Foi ainda considerada «Instituição de Utilidade Pública», por despacho publicado no “Diário do Governo”, n.º 79, 2.ª Série, de 10 de Abril de 1928.

São, presidente da sua direcção e comandante dos bombeiros, respectivamente, António Lamoso Regal de Castro e António Neves Ferreira Brandão, que à corporação têm dedicado o melhor do seu esforço, com sacrifício e manifesto proveito.

O corpo activo é formado por 64 bombeiros, alguns em serviço de soberania no Ultramar.

A corporação possui as seguintes viaturas:

a) − Prontos-socorros: um carro de nevoeiro, um Land-Rover, um Bedford fechado e um Chevrolet aberto.

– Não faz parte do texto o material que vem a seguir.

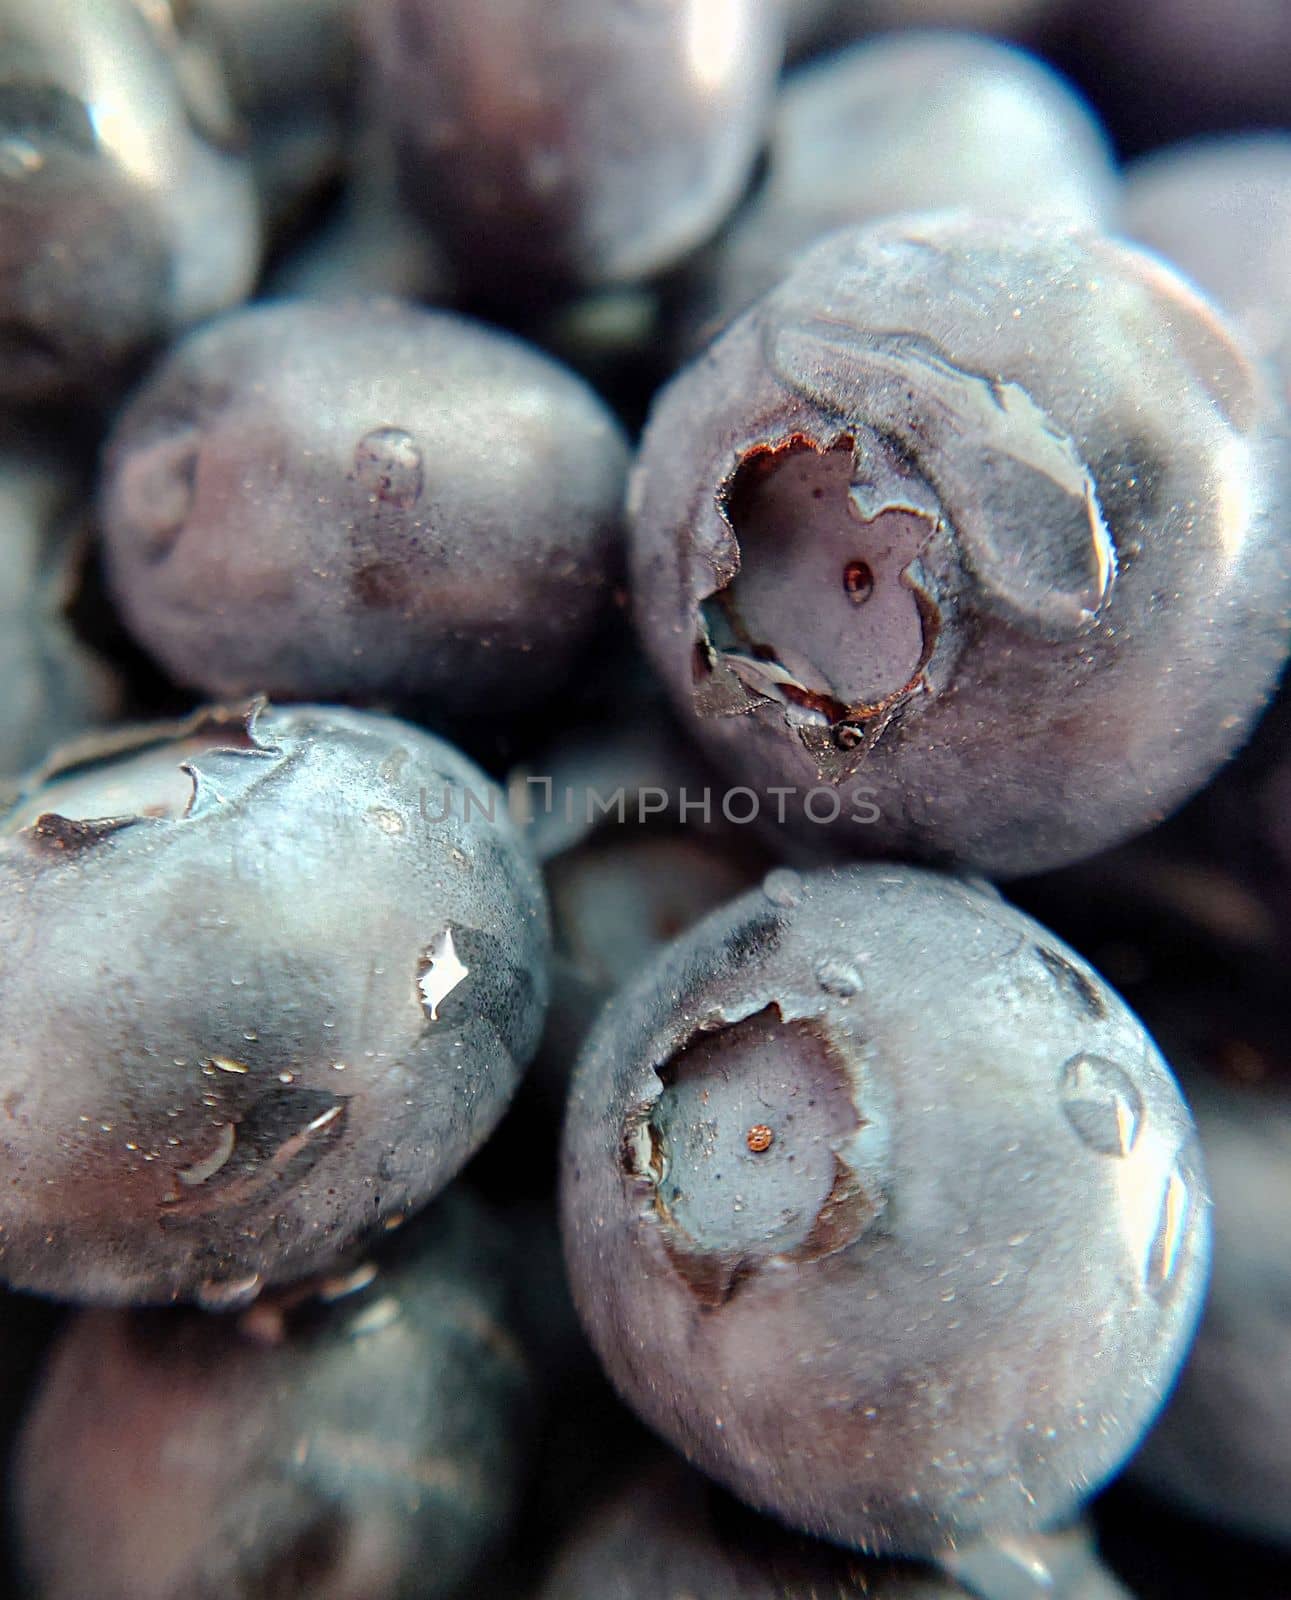 Garden ripe large blueberries with a drop of water close-up.Macro photography.Texture or background.Selective focus.

b) − Ambulâncias: uma Wolkswagen, uma Peugeot e uma Mercedes-Benz.

Tem ainda um carro de comando aberto.

Depois de uma brilhante parada de viaturas de muitas Associações de Bombeiros Voluntários, aquele carro de nevoeiro e a ambulância foram inaugurados e benzidos numa expressiva cerimónia realizada no quartel dos Bombeiros, no passado dia 28 de Junho, recebendo os nomes, respectivamente, de «Coronel Alexandre Guedes de Magalhães» e «Condes de Fijó», descerrando-se, então, uma lápide comemorativa da visita ministerial.

Seguiu-se uma sessão solene que foi presidida por Sua Excelência o Senhor Ministro do Interior, com a presença dos Senhores Governador Civil de Aveiro, Presidente da Câmara Municipal da Feira, Conselheiro Dr. Albino Soares dos Reis, Presidente da Liga dos Bombeiros Portugueses, Inspector do Serviço de Incêndios da Zona Norte, Reverendo Vigário-Pároco da Vila, deputado pelo Círculo de Aveiro e de outras individualidades, além de uma distinguida assistência, onde se destacavam muitas senhoras.

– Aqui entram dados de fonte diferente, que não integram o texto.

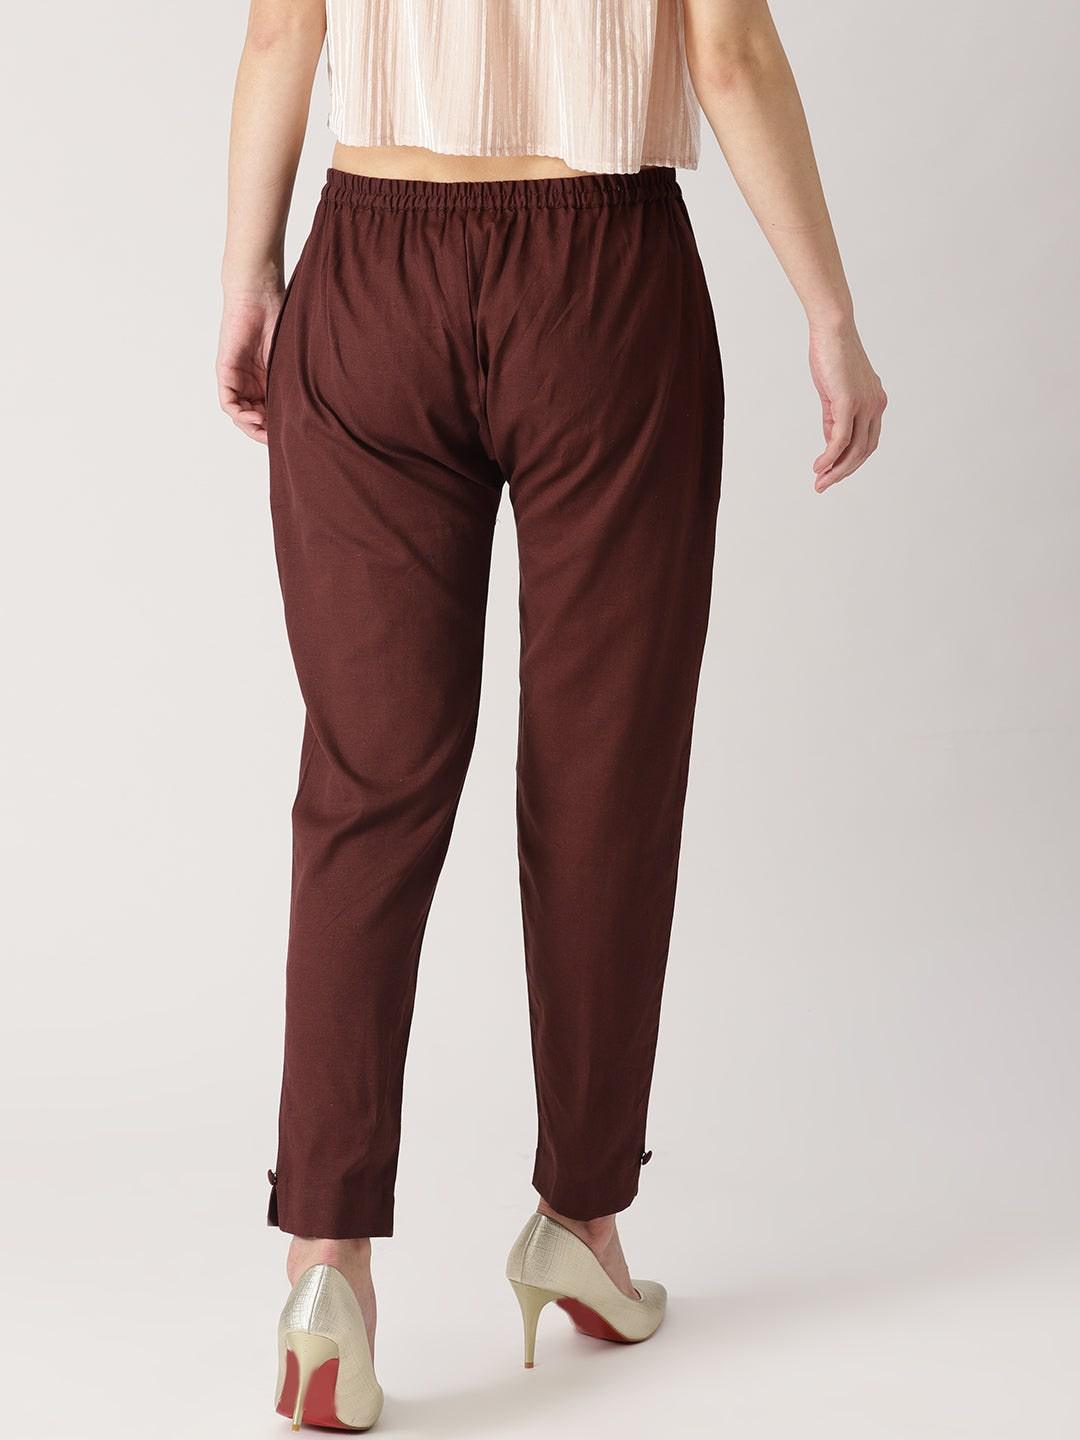 Brown Solid Cotton Trousers - Libas

Nesta festa foi também inaugurada e benzida uma viatura da Associação Humanitária dos Bombeiros Voluntários de Oliveira de Azeméis, a que foi dado o nome de D. Olinda Pereira de Carvalho, bela expressão da fraternidade que une as Associações de Bombeiros Voluntários do distrito que, naquela sessão, foi exaltada pelo senhor Governador Civil como prova da «unidade do voluntariado no distrito de Aveiro».

Na mesma sessão foram distribuídas muitas condecorações aos elementos do corpo activo, galardoado o valor e a dedicação manifestados em continuado serviço, durante longos anos.

Podemos distinguir, entre elas, as concedidas ao actual comandante − referido António Neves Ferreira Brandão, medalha dos serviços distintos de 2.ª classe da Liga dos Bombeiros Portugueses e ao subchefe, aludido Germano Marcos da Costa, medalha de prata do Mérito Municipal da Câmara Municipal da Feira.

Neste concelho existem mais duas Associações de Bombeiros Voluntários: a de Arrifana (1927) e a de Lourosa (1968).

Penso que me desculparão por não ter alcançado / 40 / a desejada síntese, tão necessária em trabalho condicionado a uma limitação de espaço.

Finalizo, como homem, como feirense e como um dos poucos sobreviventes dos associados fundadores, lembrando com saudade os que já morreram e saudando a nossa Associação e todos os que nela trabalham, desejando-lhes as melhores prosperidades e os maiores êxitos na nobre missão a que estão vinculados, com votos para que vejam satisfeitos, cada vez mais, os seus generosos anseios de solidariedade humana.